From: Tao Li <t...@zillow.com><mailto:t...@zillow.com>
Reply-To: "user@beam.apache.org"<mailto:user@beam.apache.org> 
<user@beam.apache.org><mailto:user@beam.apache.org>
Date: Friday, December 11, 2020 at 10:29 AM
To: "user@beam.apache.org"<mailto:user@beam.apache.org> 
<user@beam.apache.org><mailto:user@beam.apache.org>, Reuven Lax 
<re...@google.com><mailto:re...@google.com>
Cc: Mehmet Emre Sahin <mehm...@zillow.com><mailto:mehm...@zillow.com>, 
Ying-Chang Cheng <yingcha...@zillowgroup.com><mailto:yingcha...@zillowgroup.com>
Subject: Re: Question regarding GoupByKey operator on unbounded data

Hi @Reuven Lax<mailto:re...@google.com> basically we have a flink app that does 
a stream processing. It uses a KeyBy operation to generate a keyed stream. 
Since we need to query all historical data of the input, we are not specifying 
a window function or a trigger in this flink app, which is fine.

Now we would like to convert this flink app to a beam app. The problem is that 
for a unbounded PCollection, beam requires either a non-global windowing or an 
aggregation trigger to perform a GroupByKey operation.
I was thinking about applying a sliding window with a huge size (say 1 year) to 
accommodate this Beam requirement. But not sure if this is feasible or a good 
practice.
So what’s your recommendation to solve this problem?
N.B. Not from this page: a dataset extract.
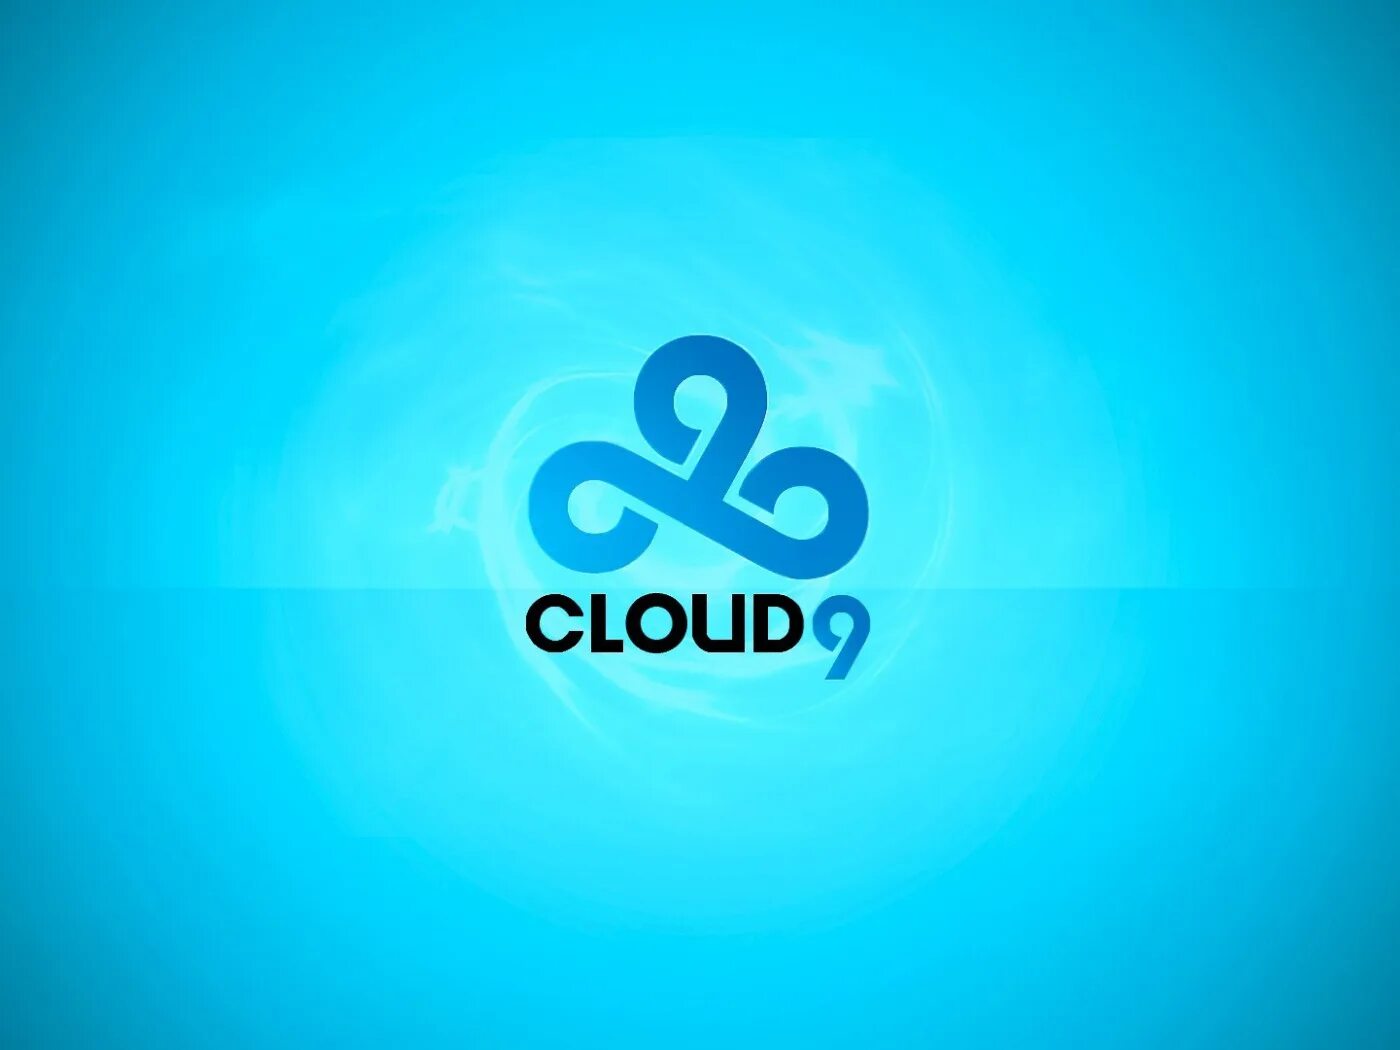 Клауд 9 КС го ава. Cloud9 Team. Команда клоуд9. Логотип cloud9.

Thanks!


From: Reuven Lax <re...@google.com><mailto:re...@google.com>
Reply-To: "user@beam.apache.org"<mailto:user@beam.apache.org> 
<user@beam.apache.org><mailto:user@beam.apache.org>
Date: Thursday, December 10, 2020 at 3:07 PM
To: user <user@beam.apache.org><mailto:user@beam.apache.org>
Cc: Mehmet Emre Sahin <mehm...@zillow.com><mailto:mehm...@zillow.com>, 
Ying-Chang Cheng <yingcha...@zillowgroup.com><mailto:yingcha...@zillowgroup.com>
Subject: Re: Question regarding GoupByKey operator on unbounded data

Can you explain more about what exactly you are trying to do?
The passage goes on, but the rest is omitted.